For this project, investigators focused on a subtype D ependymoma. In earlier research, Gilbertson and his colleagues showed that extra copies of the EPHB2 gene caused this tumor subtype. The investigators used this information to develop an accurate model of subtype D ependymomas in mice. The mouse model includes the same mutation in the same neural stem cell responsible for the human disease and was crucial for speeding drug development.

Researchers used an automated system to check 5,303 existing drugs, natural products and other compounds for activity against four different types of mouse brain cells, including normal neural stem cells, subtype D ependymoma tumor cells and cells from a different brain tumor.

Of the 634 compounds that showed activity against subtype D ependymoma cells, four demonstrated a two-fold greater ability to block the growth of the tumor cells, but not normal cells. The drugs included 5-FU and two closely related compounds. The fourth was beta-escin, which belongs to a family of drugs that are generating interest as potential chemotherapy agents.

5-FU also proved more effective than four other chemotherapy drugs in slowing tumor growth and extending the lives of mice with subtype D ependymoma. 5-FU also appeared less toxic to normal mouse brain cells than another drug, bortezomib, included in the study. The findings provided preliminary evidence that the screening system might provide an early indication of drug toxicity. The information could help guide treatment and prioritize drugs for development, researchers said.

The screening also highlighted a possible role for kinase inhibitors. Those are drugs that block activity of proteins that help drive cell division and sustain tumors.
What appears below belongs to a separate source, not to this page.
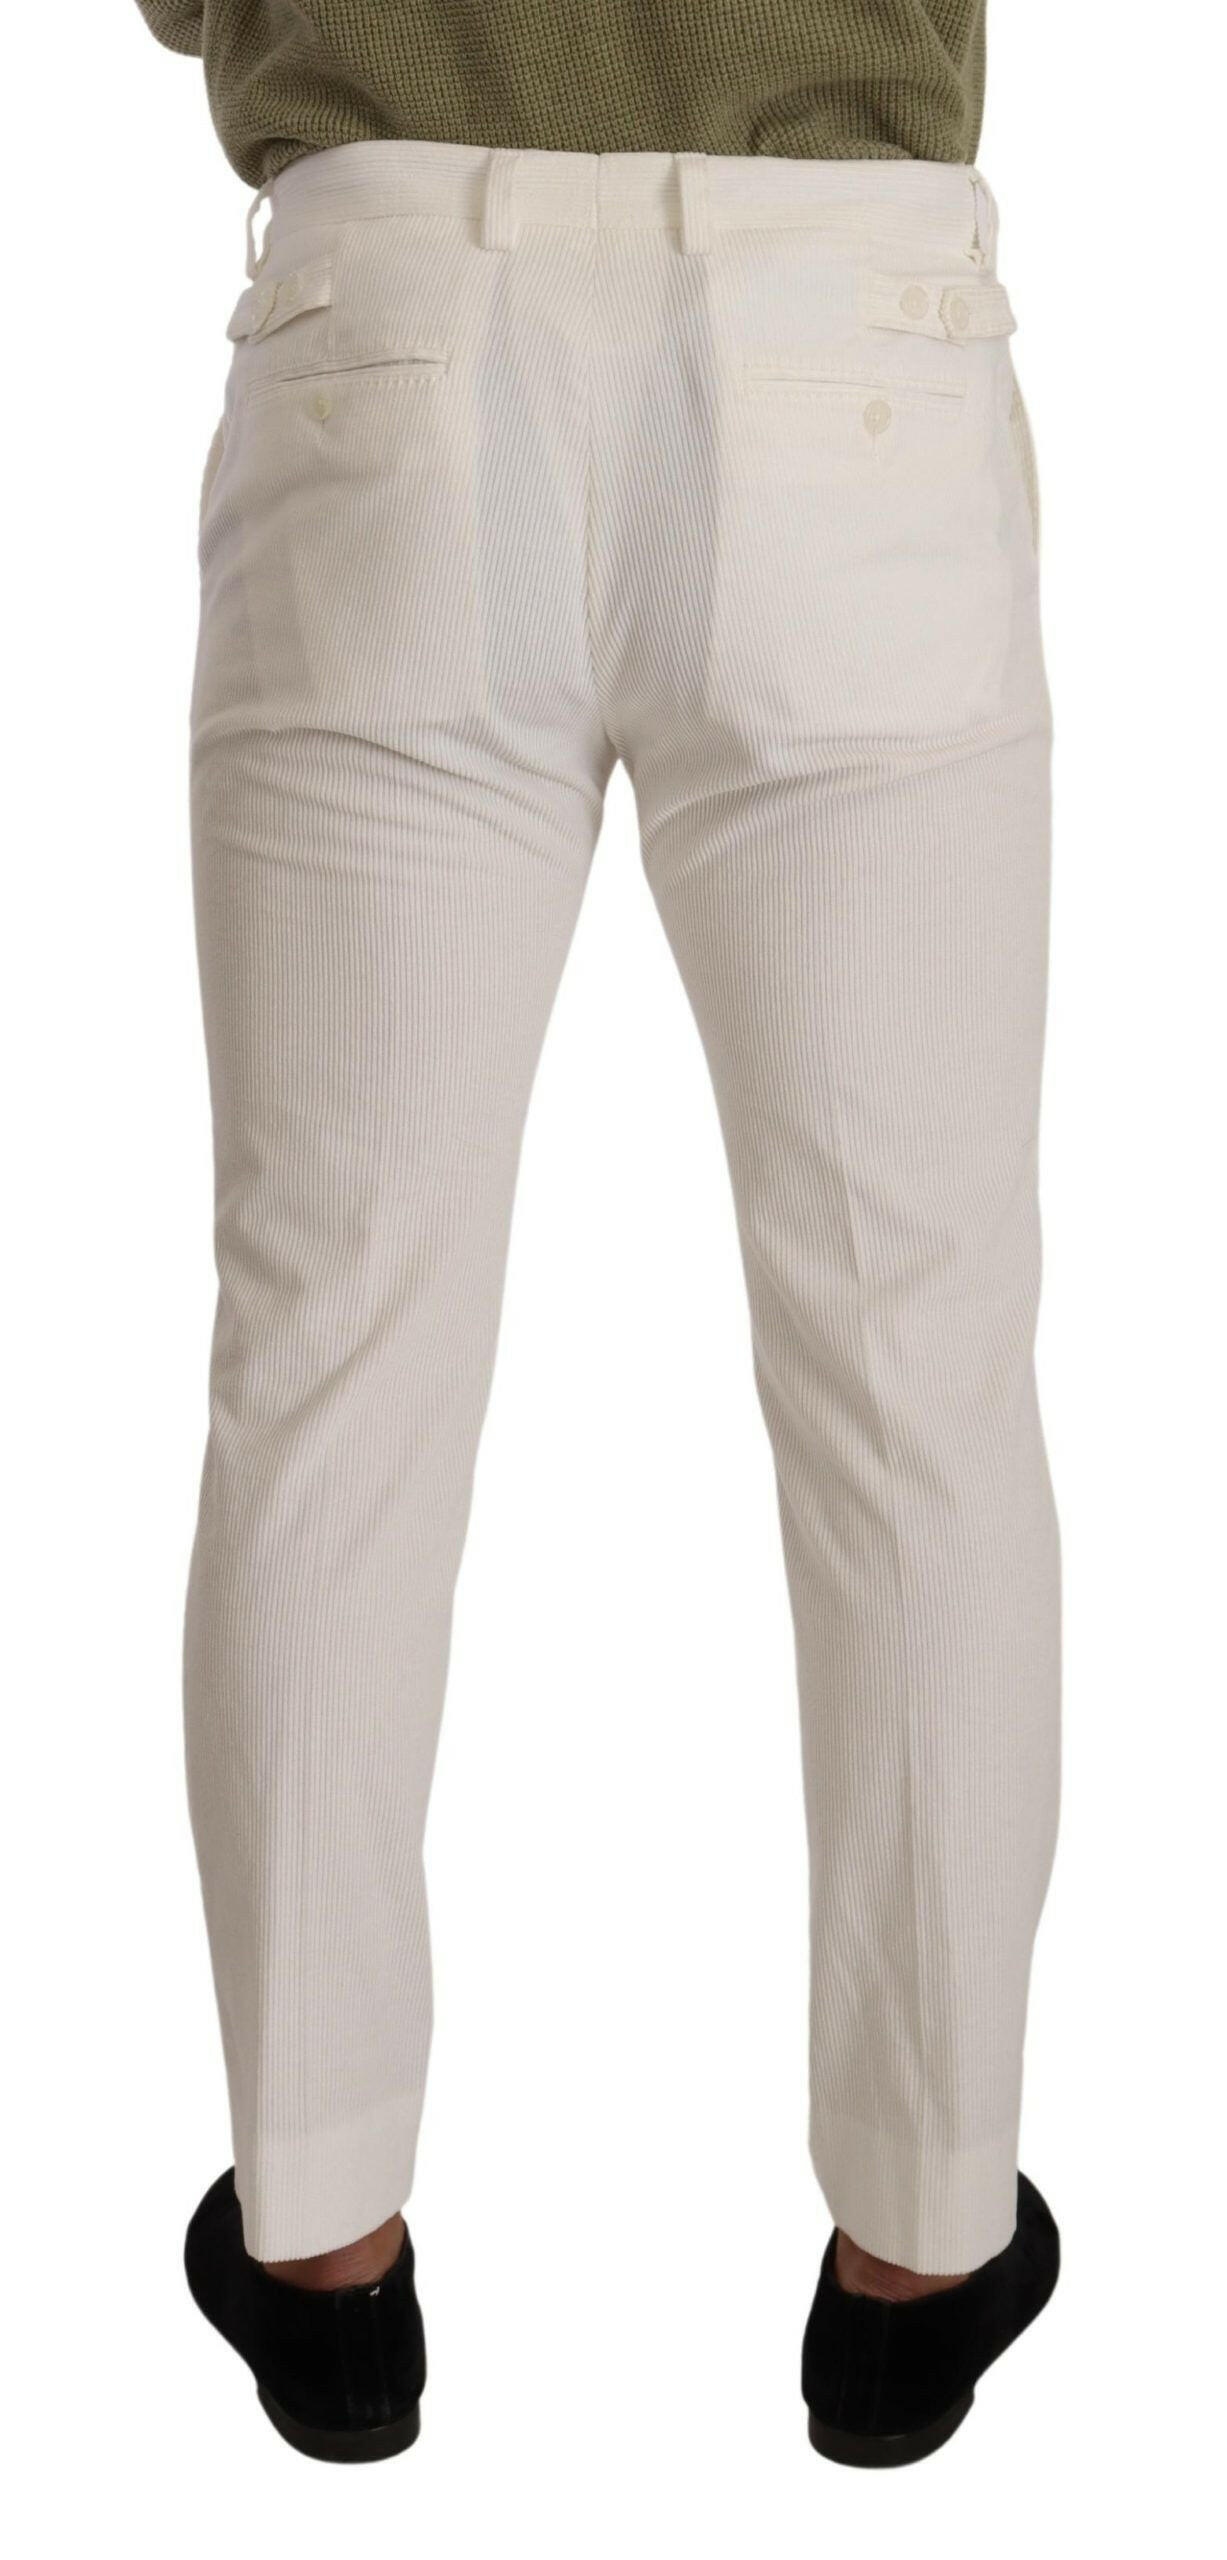 Dolce & Gabbana White Cotton Skinny Corduroy Trouser Pants - GENUINE AUTHENTIC BRAND LLC

More than 18 inhibitors are in clinical trials that target the kinases this study tied to proliferation of both normal and ependymoma tumor cells.

The study’s other authors are Anang Shelat, Tanya Kranenburg, Nidal Boulos, Karen Wright, Helen Poppleton, Kumarasamypet Mohankumar, Timothy Phoenix, Paul Gibson, Liqin Zhu, Yiai Tong, Chris Eden, David Ellison, Amar Gajjar and Clinton Stewart, all of St. Jude; Angel Montero Carcaboso, Alexander Arnold, Robert Johnson Clementine Feau, all formerly of St. Jude; and Waldemar Priebe, Dimpy Koul and W.K. Alfred Yung, of University of Texas MD Anderson Cancer Center.

The study was funded in part by the National Institutes of Health, the Collaborative Ependymoma Research Network and ALSAC.

St. Jude Children’s Research Hospital
St. Jude Children’s Research Hospital is internationally recognized for its pioneering research and treatment of children with cancer and other life-threatening diseases. The hospital’s research has helped push overall survival rates for childhood cancer from less than 20 percent when the institution opened to almost 80 percent today. It is the first and only National Cancer Institute-designated Comprehensive Cancer Center devoted solely to children, and no family ever pays St. Jude for care.